**Dataset:**
>>

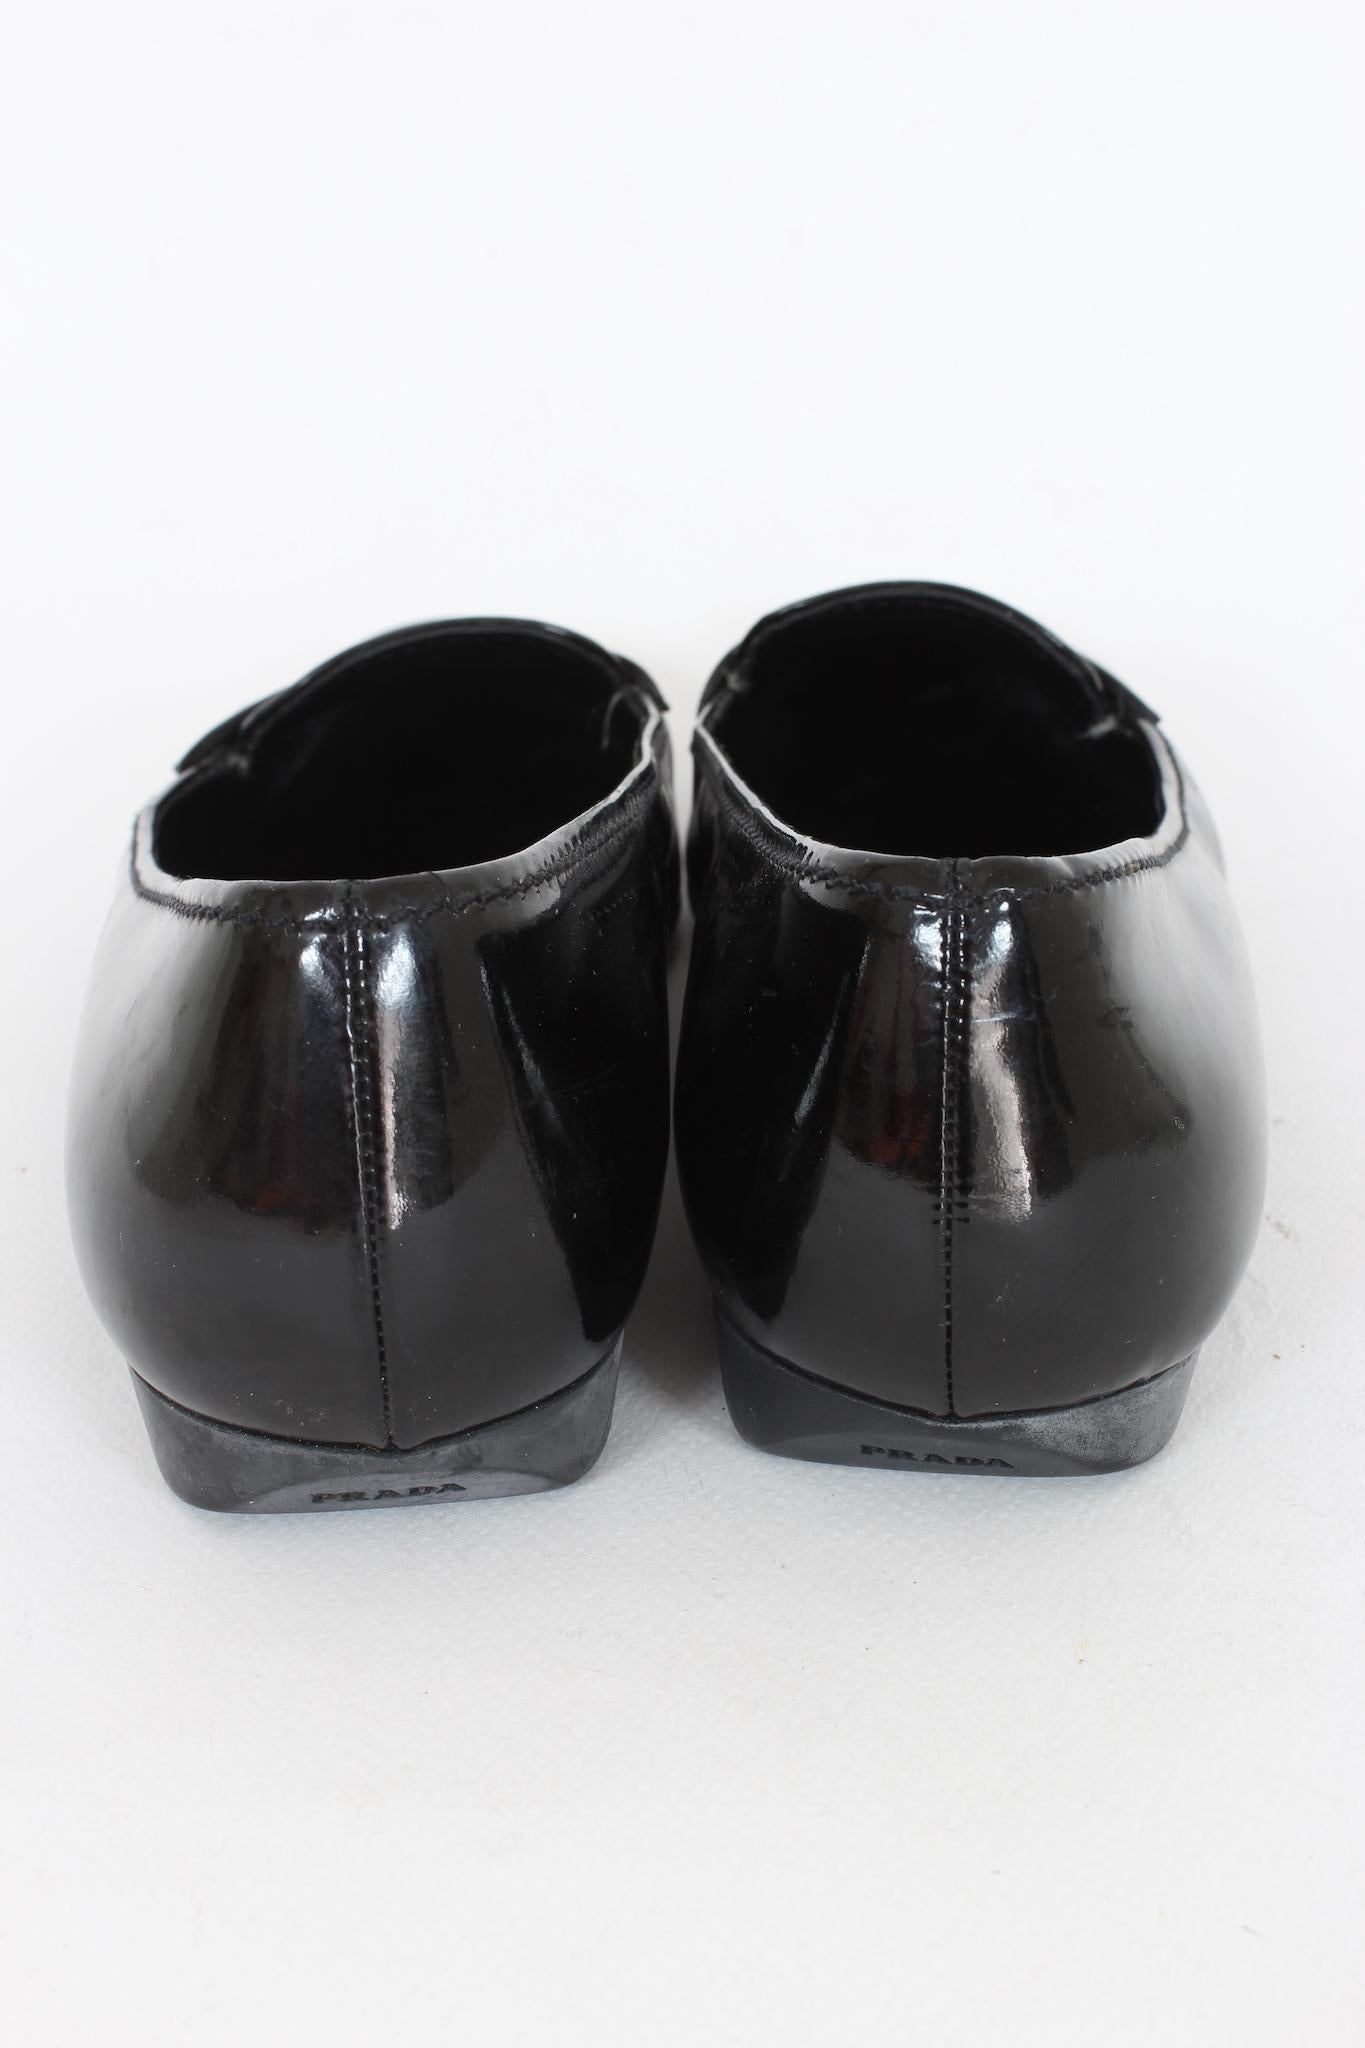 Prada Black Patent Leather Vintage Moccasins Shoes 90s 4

<<
>>

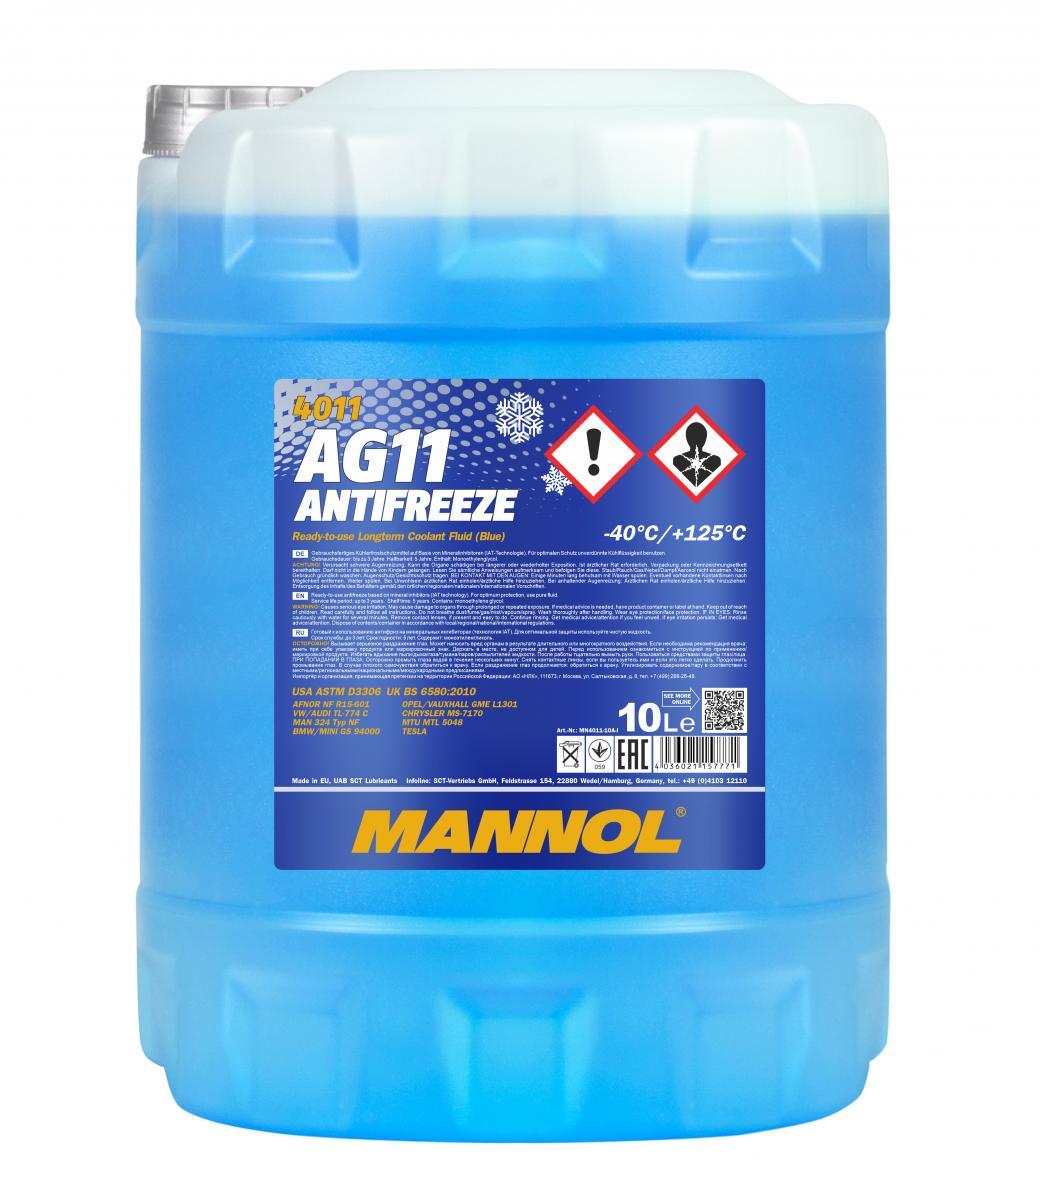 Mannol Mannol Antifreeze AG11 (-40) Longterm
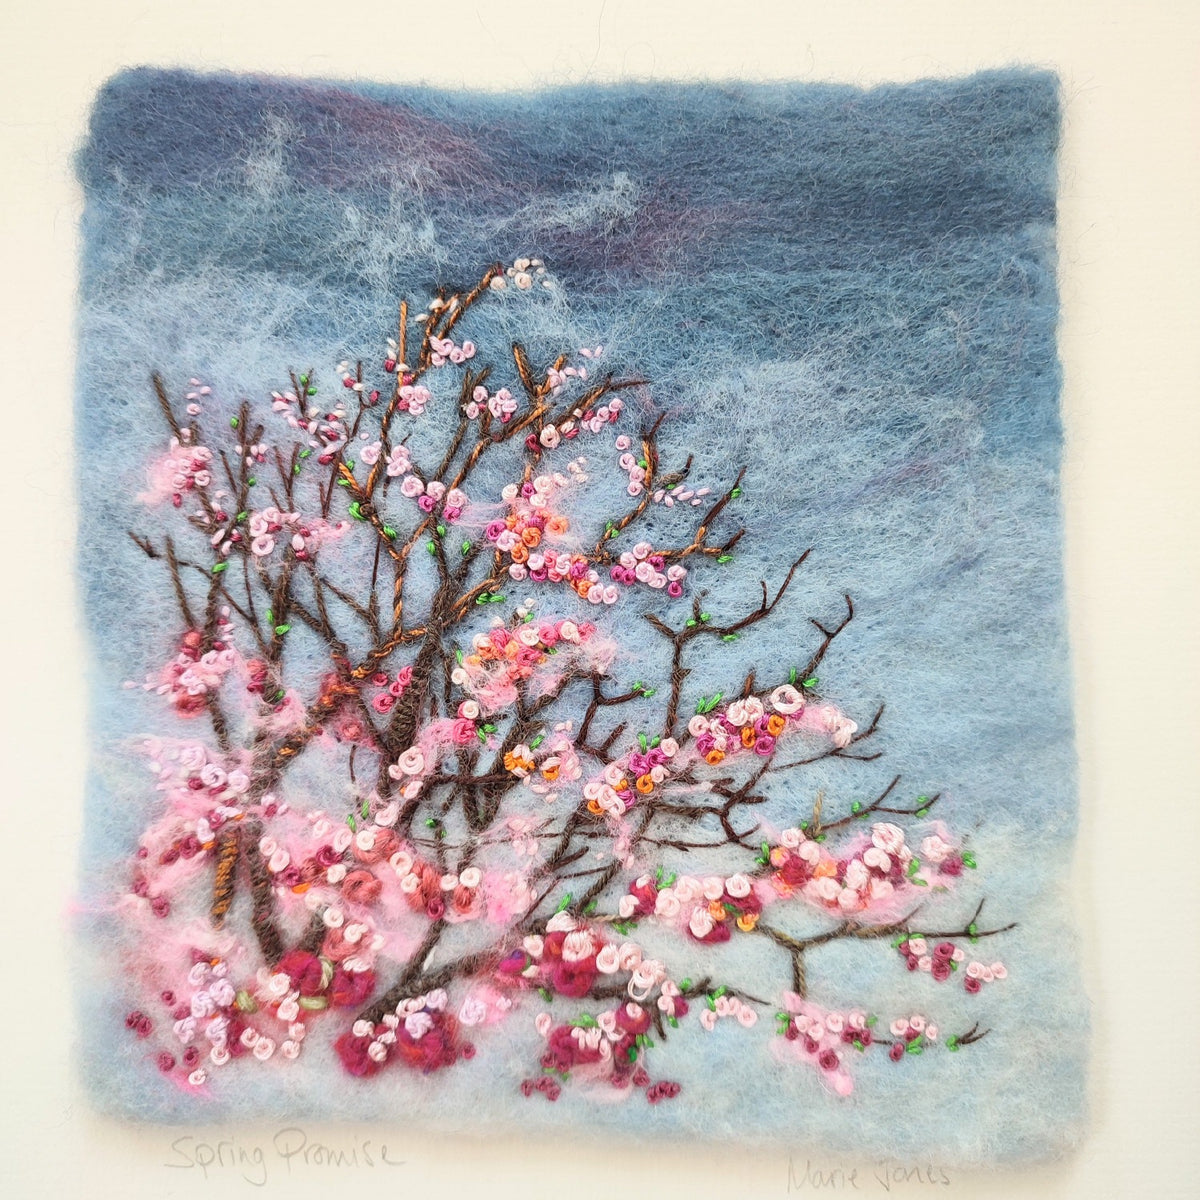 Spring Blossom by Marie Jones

<<
>>

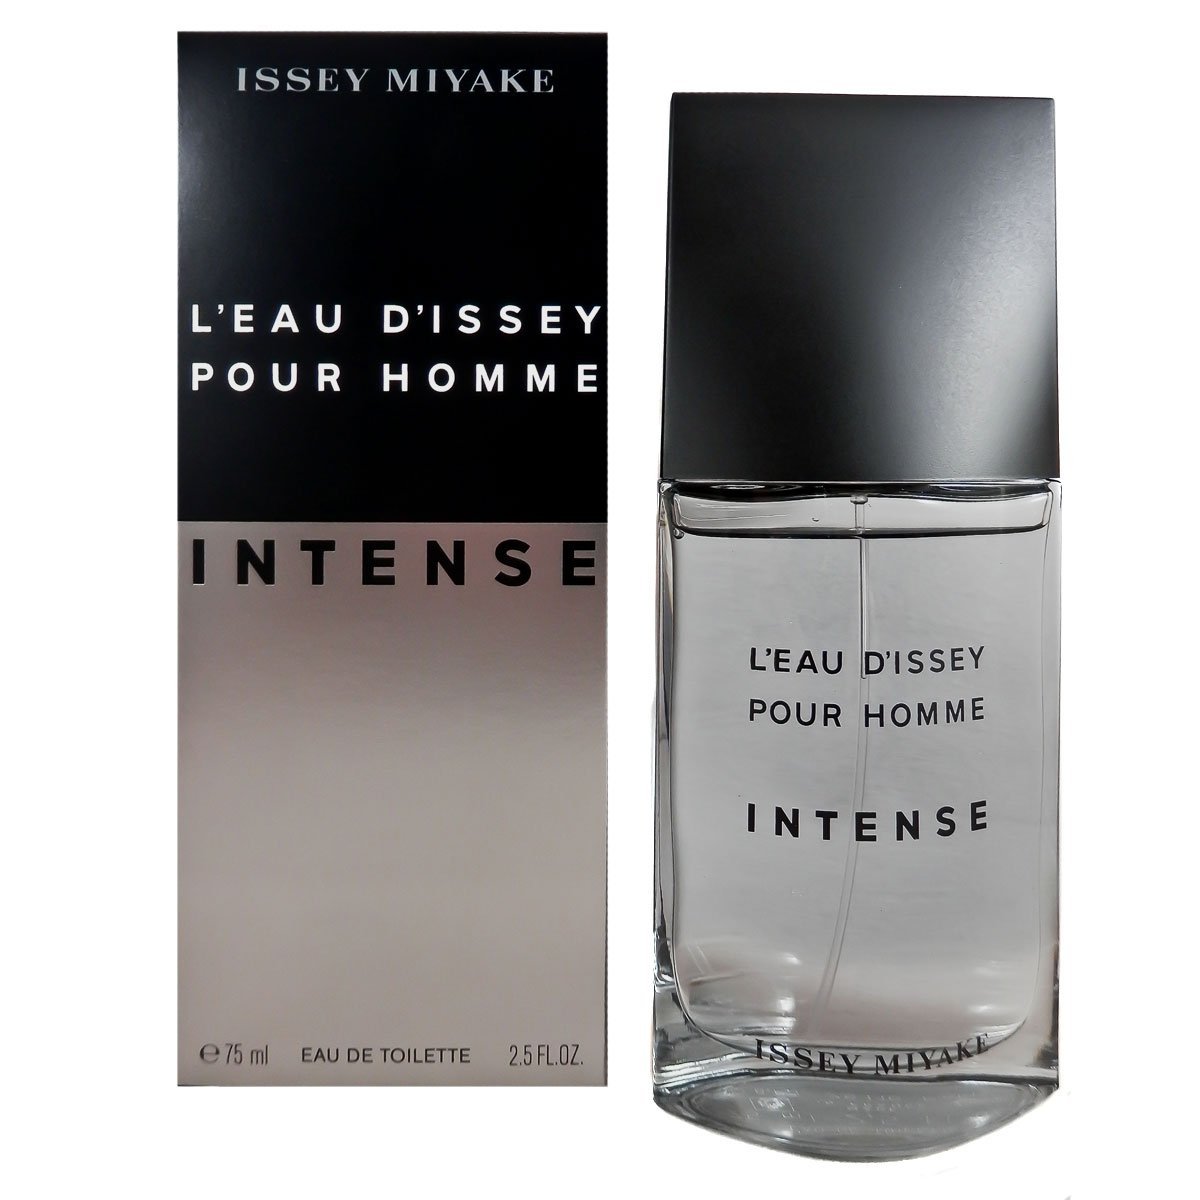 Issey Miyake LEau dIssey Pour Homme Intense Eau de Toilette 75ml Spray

<<

**Exercise aim:**
Return only the part above that opens with the line containing "Mannol Mannol Antifreeze AG11 (-40) Longterm" and closes with the line containing "Spring Blossom by Marie Jones", exactly and with both ends, skipping the pictures.

**Exercise output:**
 Mannol Mannol Antifreeze AG11 (-40) Longterm
 Spring Blossom by Marie Jones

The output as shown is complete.